Following a jury trial, defendant Terry Tinkler was convicted of burglary and theft and received concurrent sentences of imprisonment of 4 years for burglary and 150 days for theft. On appeal he contends that the jury instructions on the crime of burglary were erroneous.

At the trial Greg Manon, who was 13 years old, testified that on May 23, 1979, he resided with his parents, his brother Lee, his sister Melody Bender, and defendant. On that date Greg Manon rode his bicycle to the McDaniel house to see if his friend Gary McDaniel was going to ride his bicycle to school. McDaniel told Manon he would not be leaving for a while, and Manon returned home. Shortly thereafter, Manon rode back to the McDaniel house, but his friend was gone. Manon then returned home. He had by then missed the bus and probably could not have made it to school on time by bicycle. At home with Greg Manon at that time were Lee, Melody, and defendant.

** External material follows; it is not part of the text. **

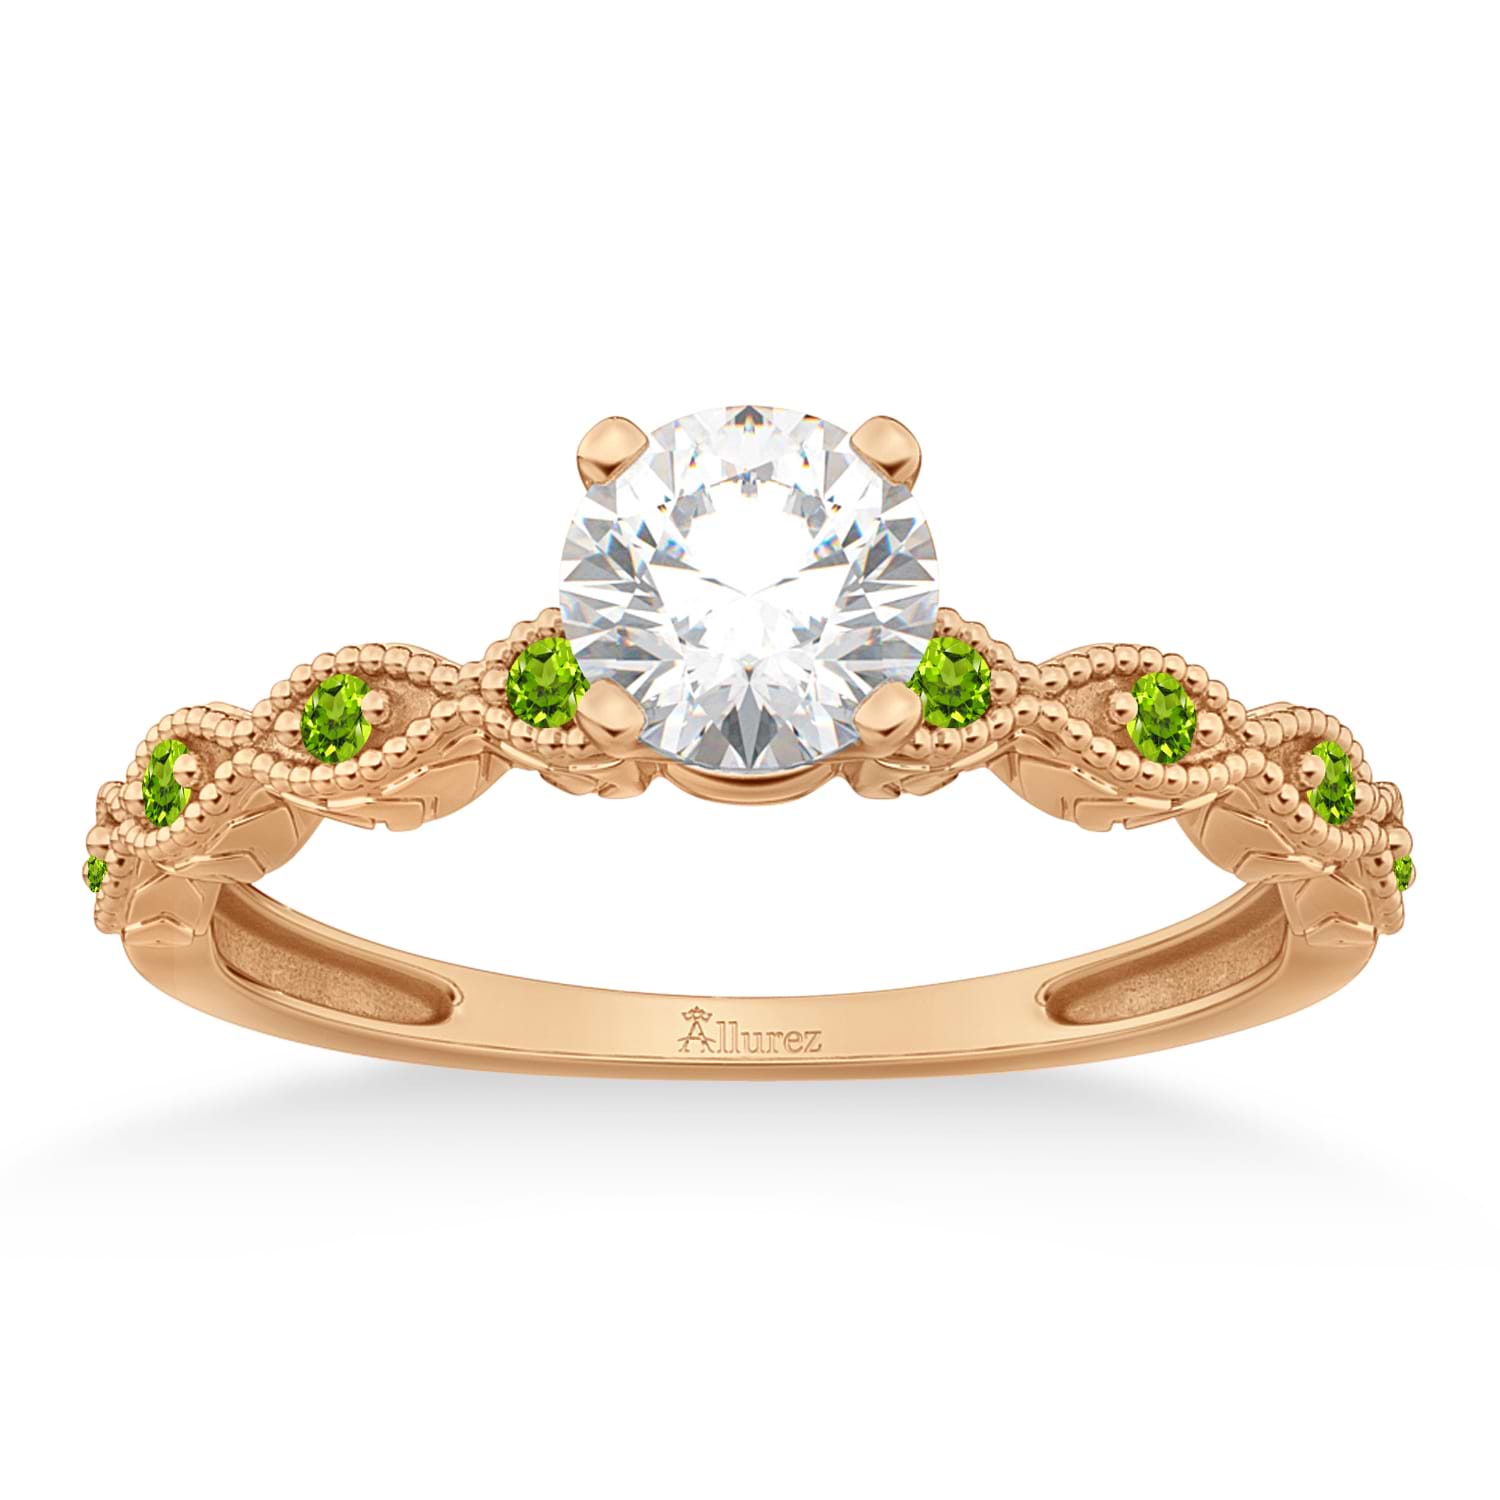 Vintage Marquise Peridot Engagement Ring 18k Rose Gold (0.18ct)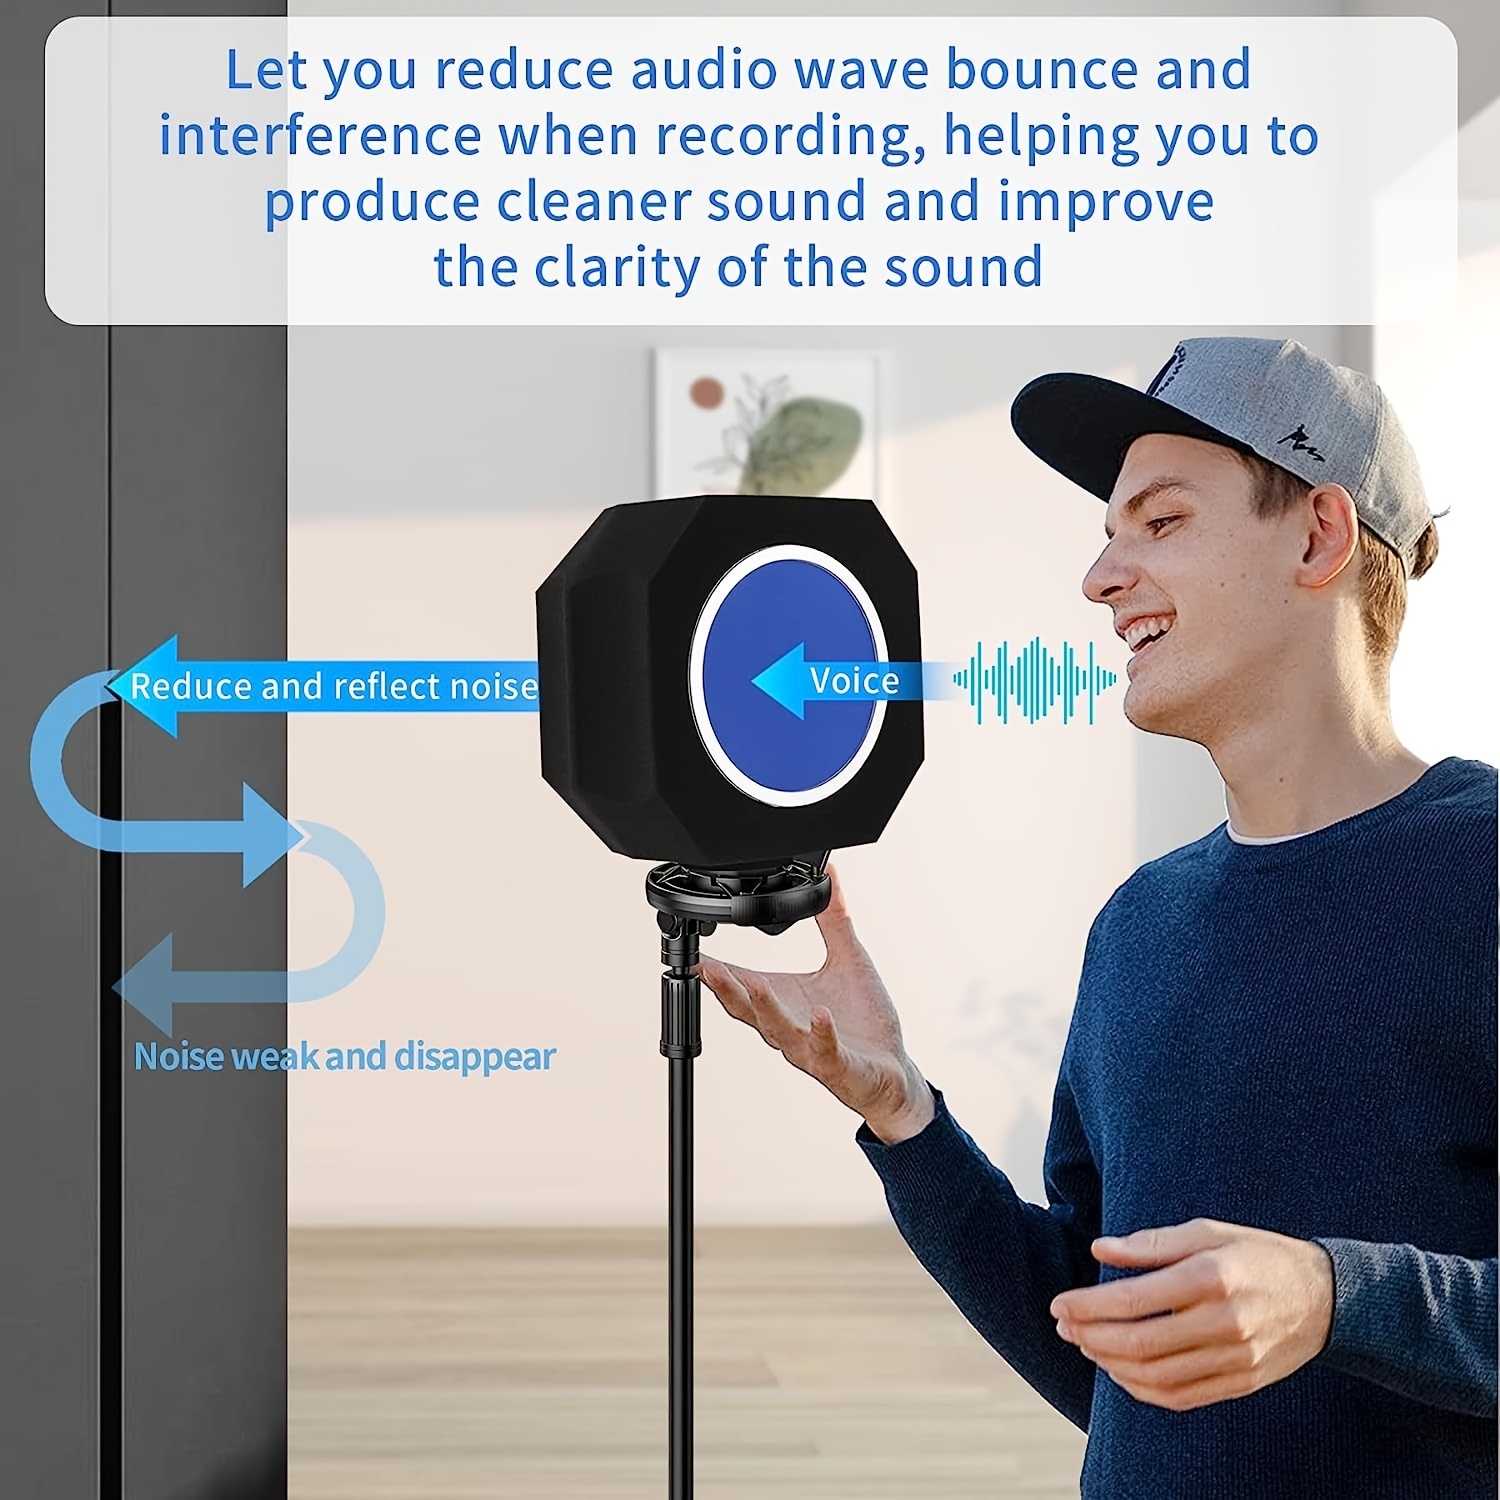  Microphone Pop Filter, Wind Shield Acoustic Filter for Record  Studios, Mic Sound-Absorbing Foam Vocal Isolation Foam Ball Noise Canceling  Sponge, Five-sided Sealing Design Microphone Windscreen : Musical  Instruments

Defendant and Greg Manon left to buy cigarettes for Lee and Melody in Coleta. On the way Manon told defendant he wanted to go to *529the McDaniel house one more time to see if Gary was home. They did so, and Manon knocked on the front door. When nobody answered, they walked into the unlocked garage, and Manon knocked on another door to the house. There was no answer. They then found a house key; defendant unlocked the door; and they entered the house. According to Manon, he went in because he thought if Gary McDaniel was home, he would be able to hear Manon better. Manon hollered to see if his friend was home, but no one answered. The two wandered about the house and finally left with two pool cues, a pipe, and a record cleaner. They locked the door to the McDaniel house, replaced the key, went home, and showed Melody the pool cues.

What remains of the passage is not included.